The legal line will get blurred very soon. (The content companies will make sure of this.) That will make any server clauses completely void. The only meaningful contract language left will be bandwidth limits and volume of data traffic per billing cycle. And if you think about it, that's all the ISPs really care about anyways.
argumentum ad fallacium: Fallacy of defining a fallacy which allows one to dismiss the argument in question.
For example, check out http://svn.code-host.net/svn/Insurrection/ for some ways in which this can be used in "minor" but very "useful" ways. (That is, the site does not depend on it but it is much nicer and lower bandwidth due to it)
I think a well-designed system for running apps remotely would be great, but all attempts so far have had serious problems. AJAX's problems are that its component technologies were designed for completely different purposes (web document display), that it lacks many UI components, that it lacks a programming model on the display side that supports good GUI development, and that it lacks desktop integration (drag-and-drop, menu bars, window closing, etc.).
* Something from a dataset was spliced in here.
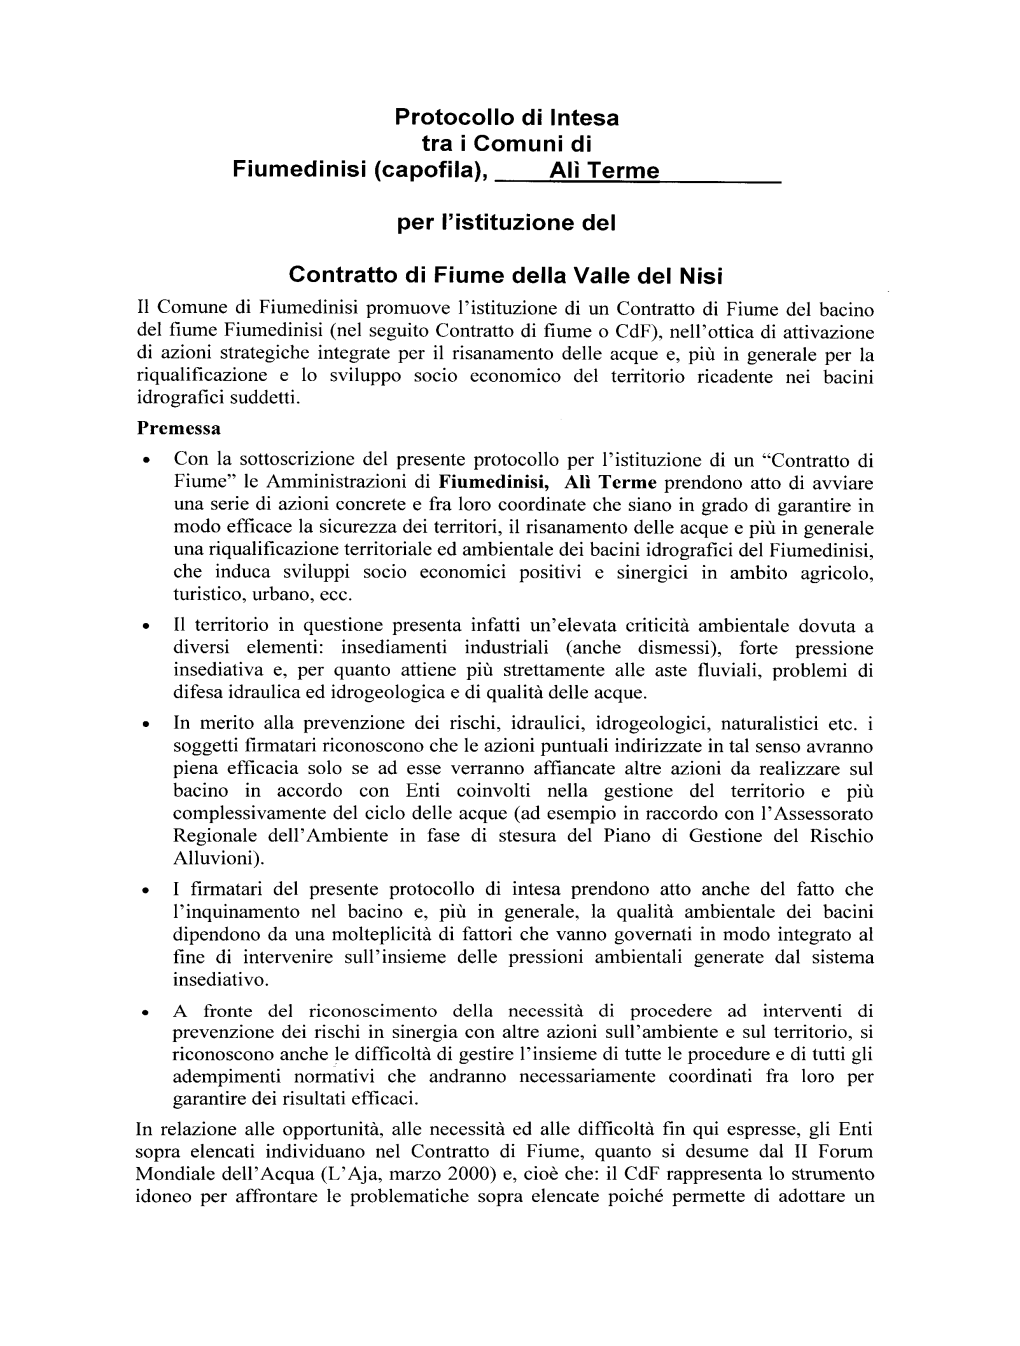 Protocollo Di Intesa Tra I Comuni Di Fiumedinisi (Capofila), Ali Terme Per L'istituzione Del Contratto Di Fiume Della Valle

The previous attempts at this haven't been much better; X11 got everything right on the application side but screwed up on security and compression, Display Postscript and NeWS had serious technical problems and never really pushed remote usage, etc.
The closest to a good web applications delivery language might be XUL or Microsoft's proprietary clone. Or, maybe, just maybe, people will finally clean up the HTML/Javascript mess and fill in the missing bits and pieces; the standards for that are on the drawing board, but whether they get adopted is anybody's guess. Until they are, AJAX applications are going to remain painful to develop and limited in functionality.